= DIRECTIONS =
Quote exactly, and only, the lines of the material below from the line with "[L-R] Brian May and Eddie Van Halen" through the line with "Plus playa el".

= DATA =
*** Begin section ***
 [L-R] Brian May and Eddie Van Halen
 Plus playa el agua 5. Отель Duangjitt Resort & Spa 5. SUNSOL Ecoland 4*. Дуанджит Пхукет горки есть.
*** End section ***
*** Begin section ***
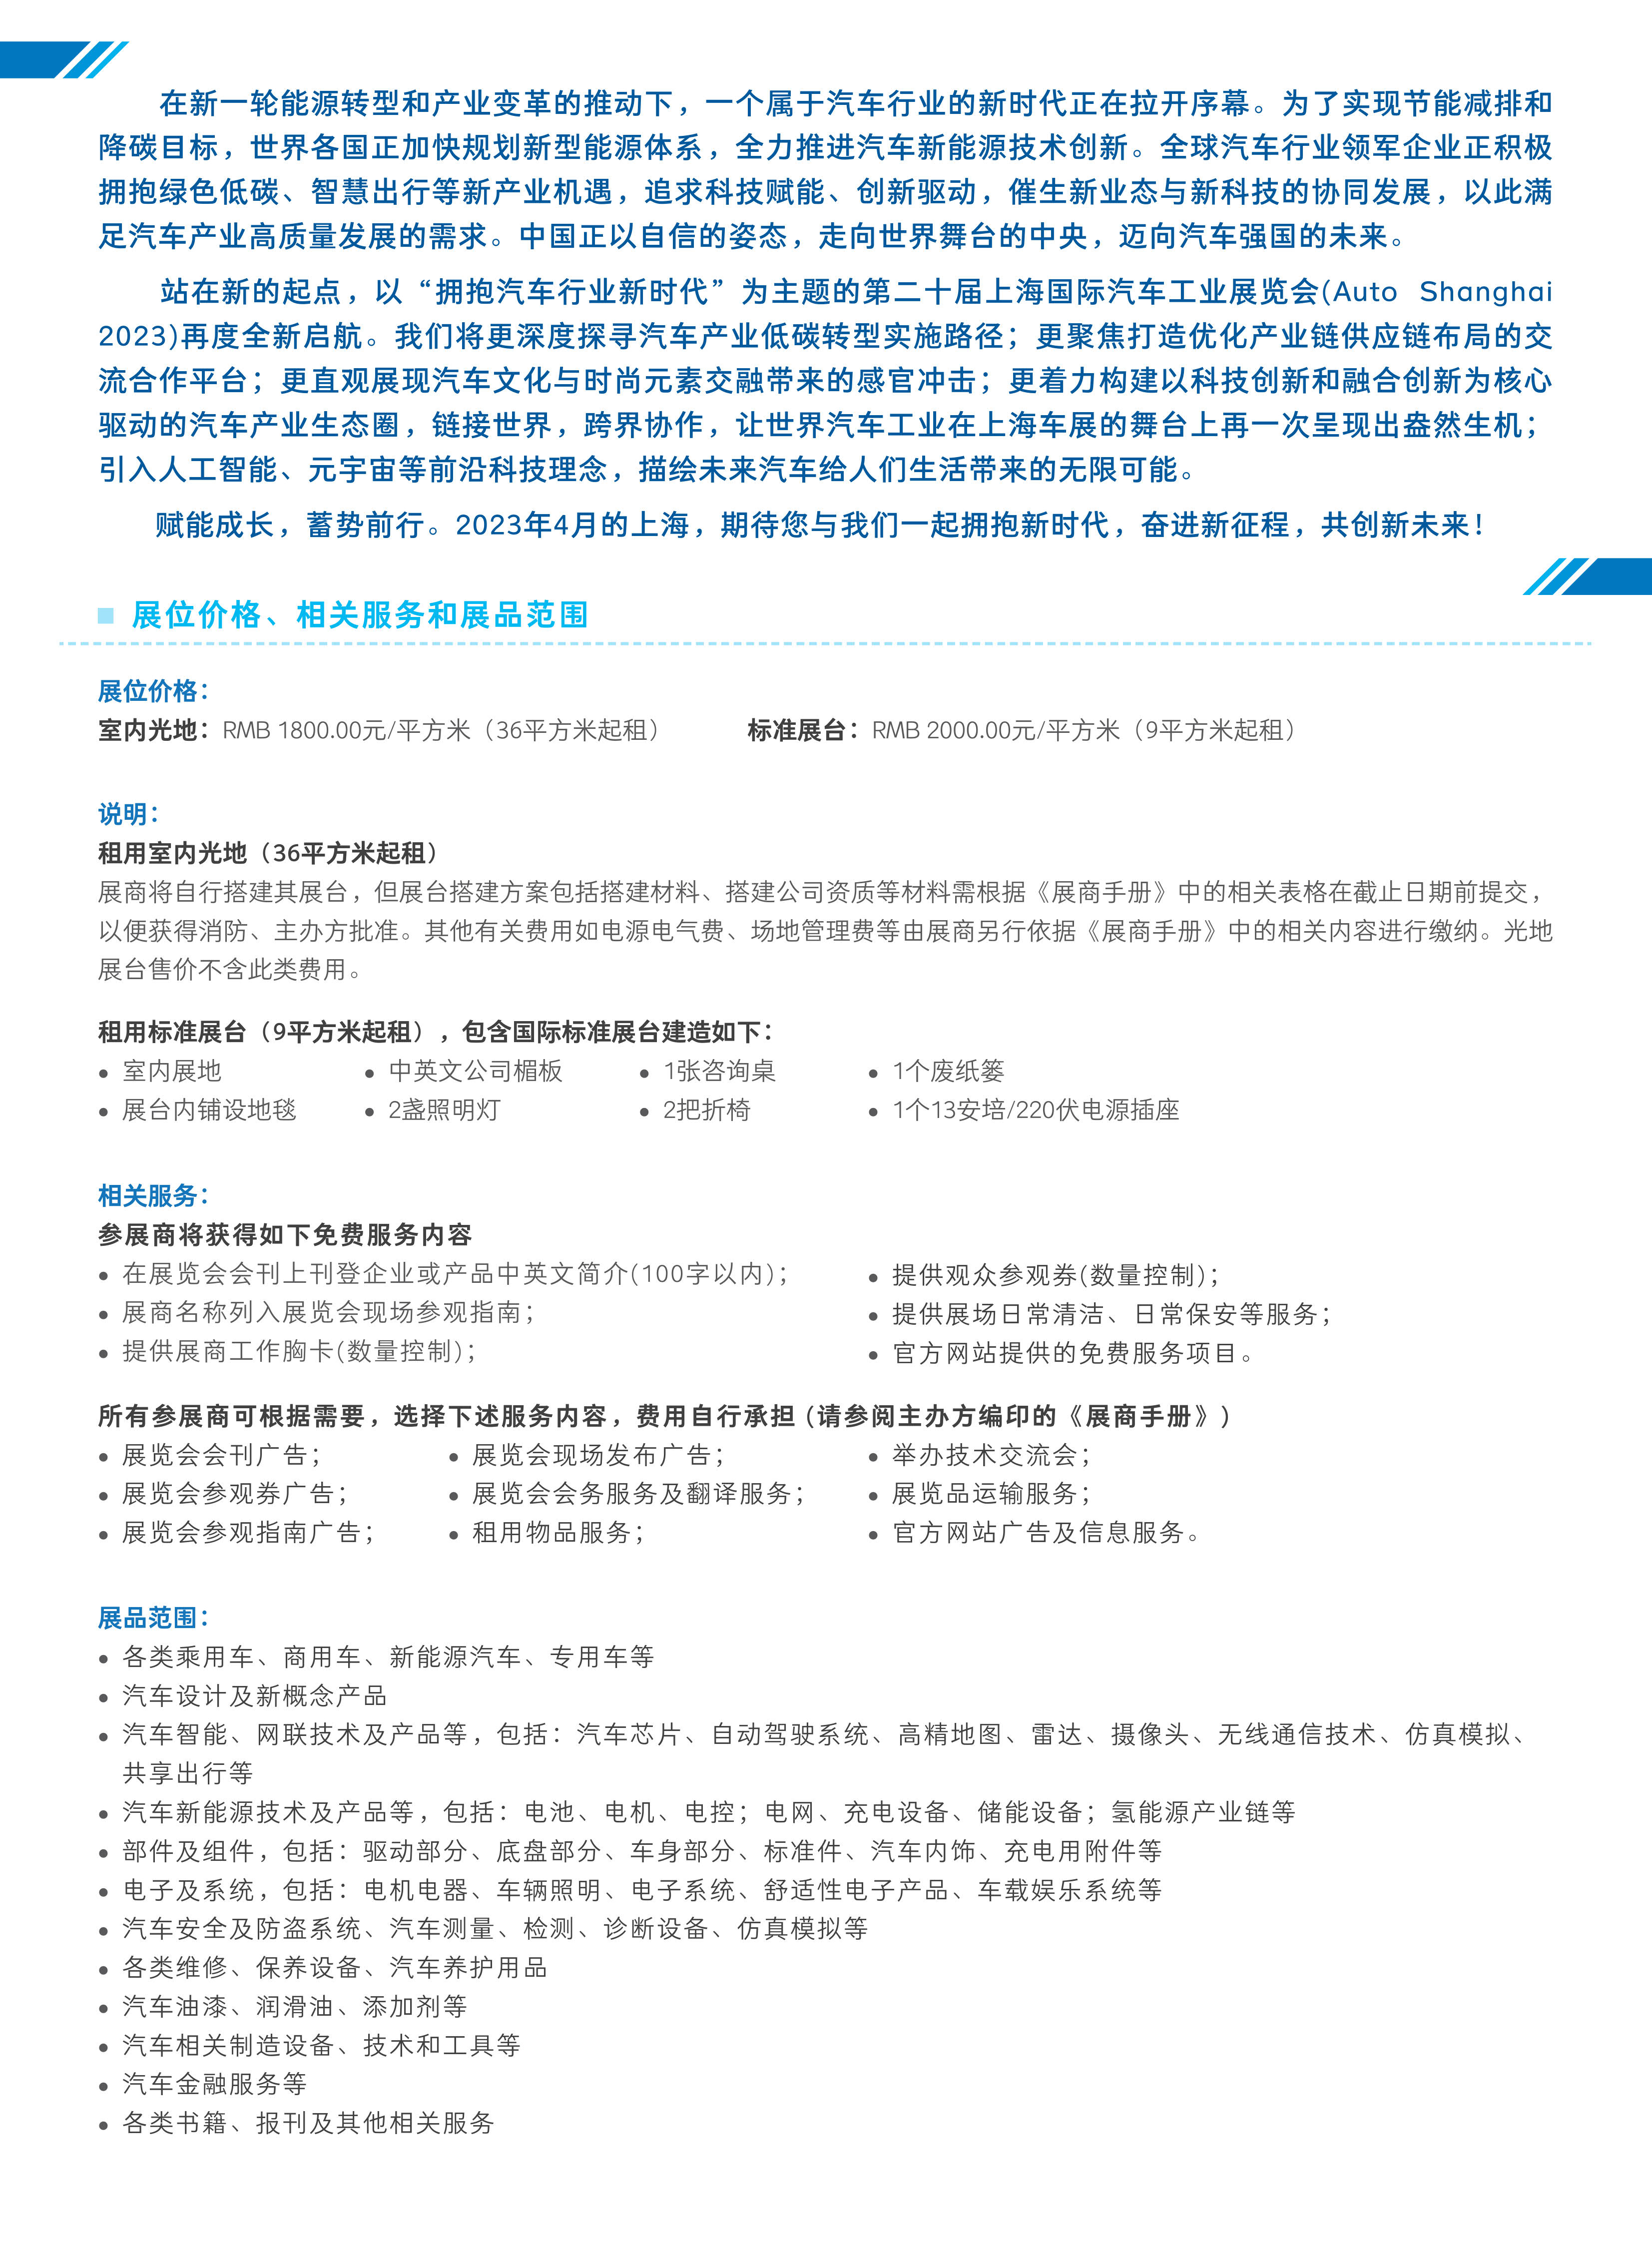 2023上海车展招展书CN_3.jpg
*** End section ***
= RESPONSE =
 [L-R] Brian May and Eddie Van Halen
 Plus playa el agua 5. Отель Duangjitt Resort & Spa 5. SUNSOL Ecoland 4*. Дуанджит Пхукет горки есть.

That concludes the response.